### WHAT YOU HAVE TO DO
Since the pictures are not wanted, retype the listing below exactly and without them.

### THE DATA
Start of Block
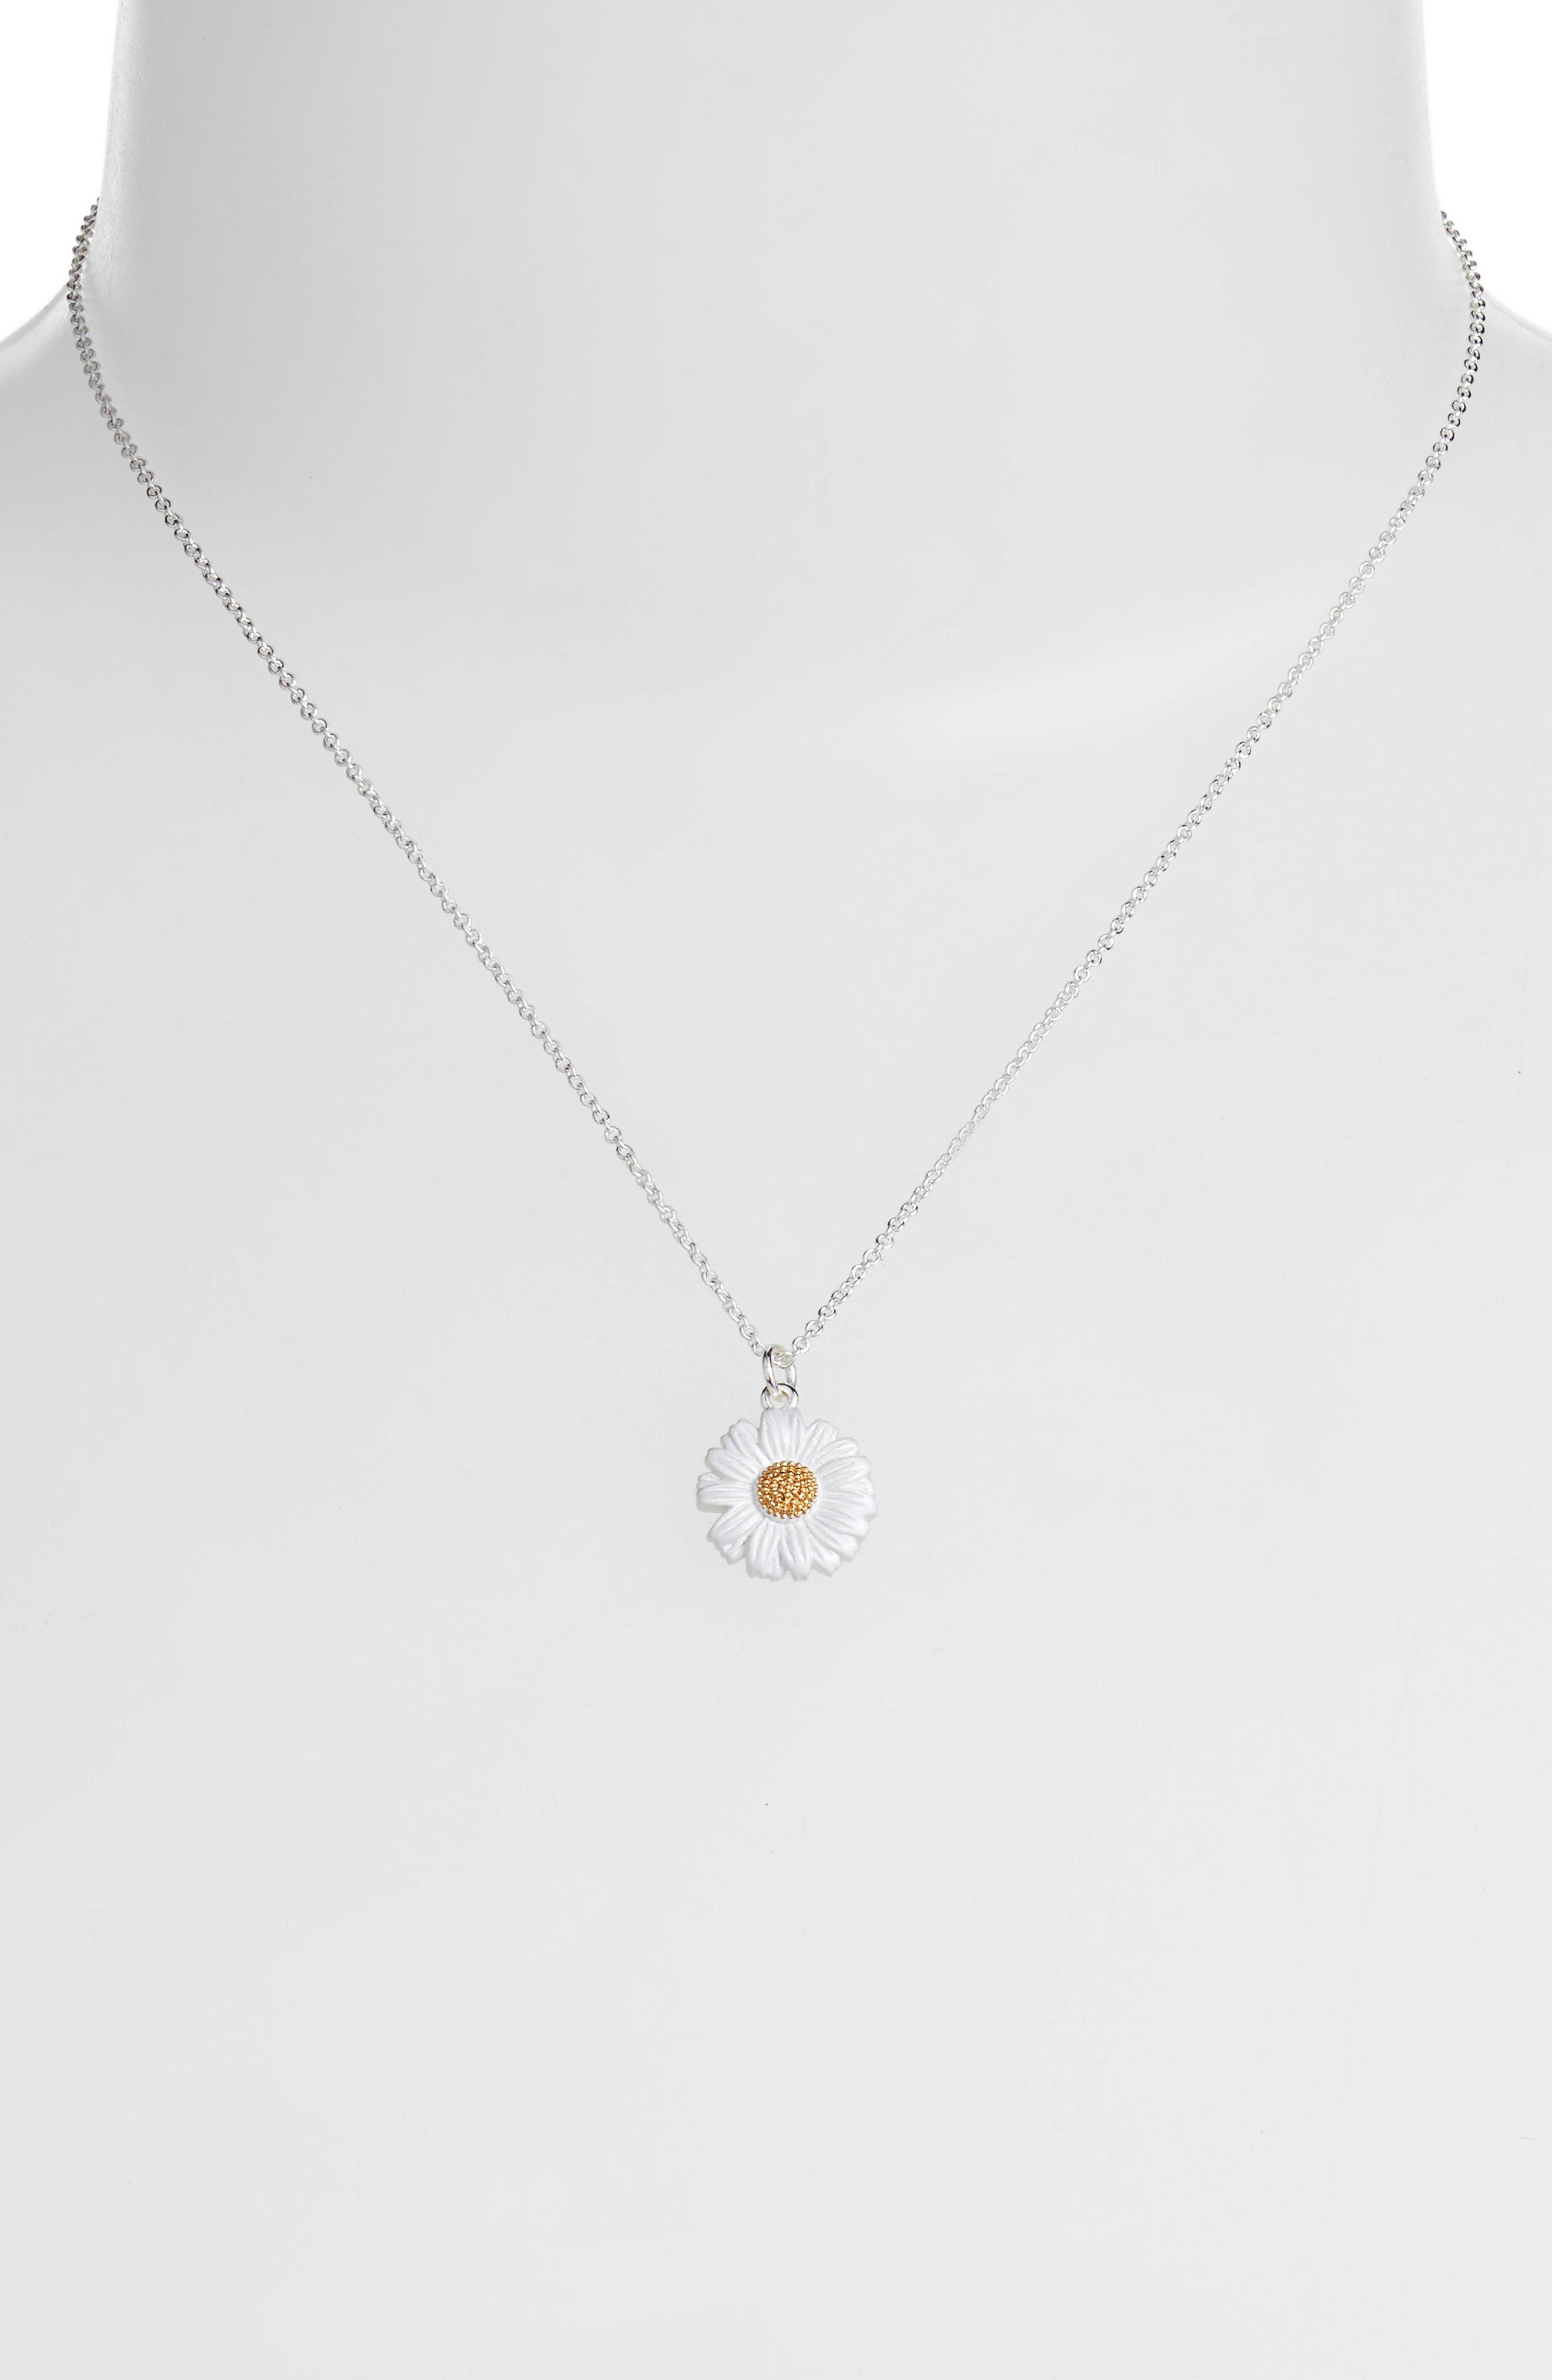 3D Daisy Pendant Necklace,                             Alternate thumbnail 2, color,                             SILVER/ GOLD
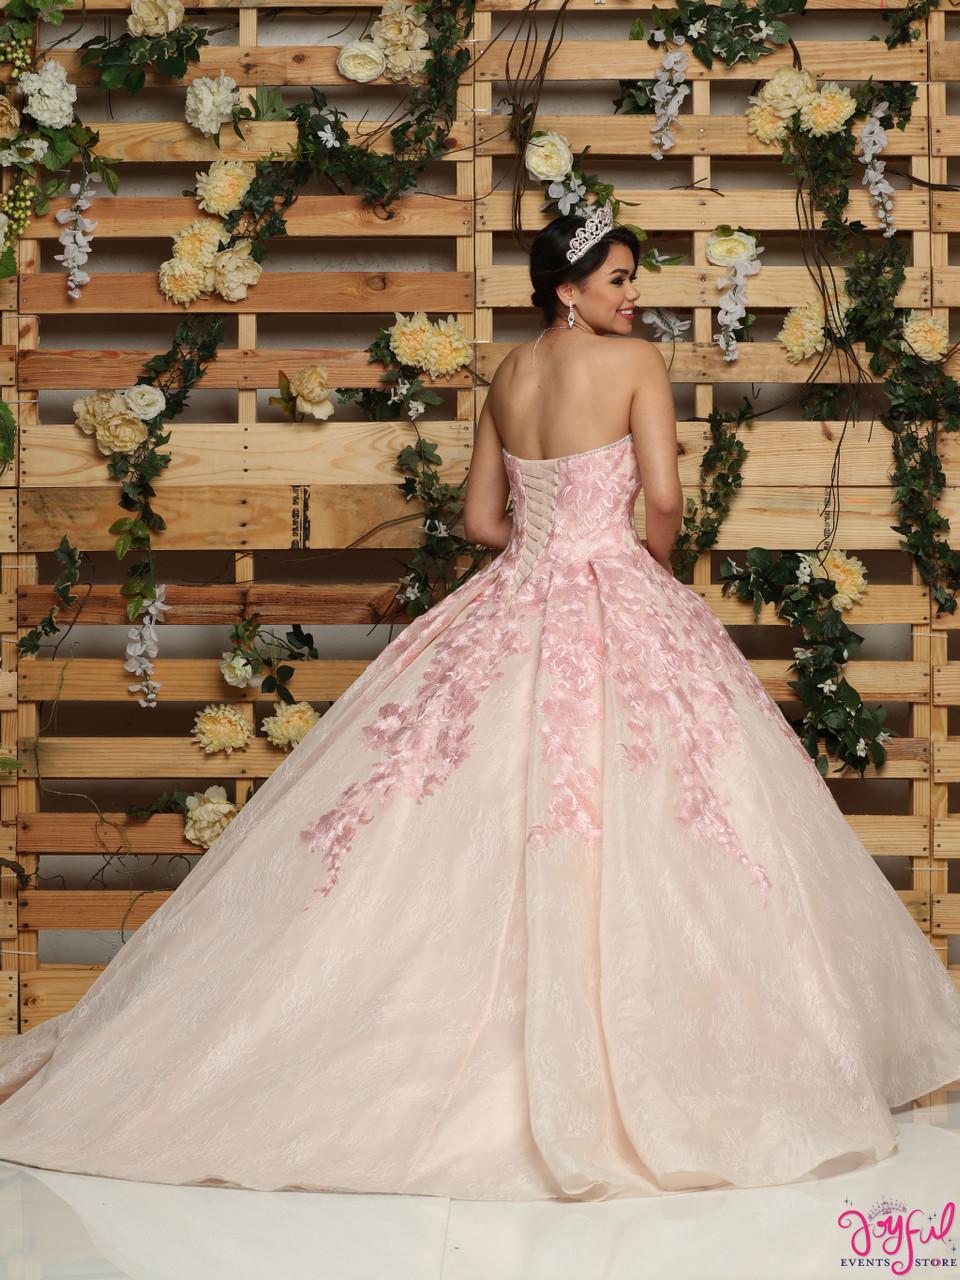 f5bd42ab573 Quinceanera Dress  80420 - Joyful Events Store
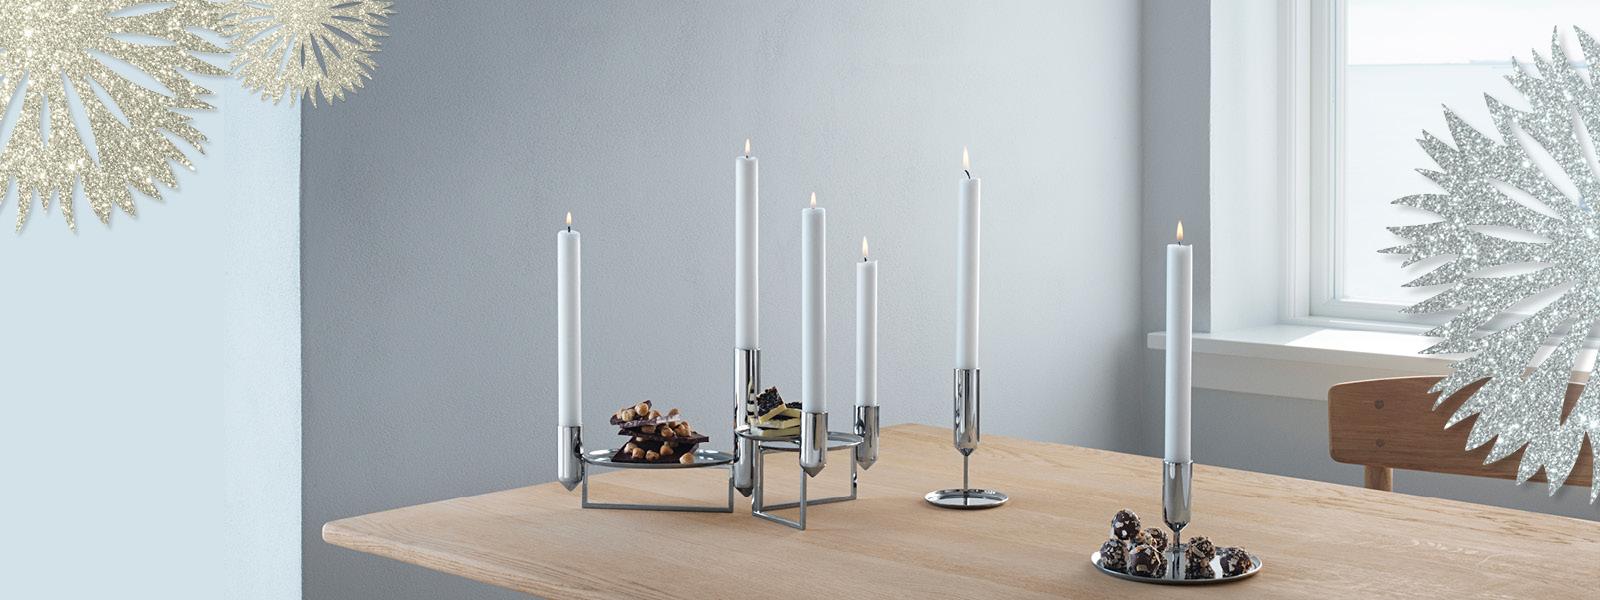 Georg Jensen Christmas Tree Candle Holders 2021
End of Block
### WORKED SOLUTION
 3D Daisy Pendant Necklace,                             Alternate thumbnail 2, color,                             SILVER/ GOLD
 f5bd42ab573 Quinceanera Dress  80420 - Joyful Events Store
 Georg Jensen Christmas Tree Candle Holders 2021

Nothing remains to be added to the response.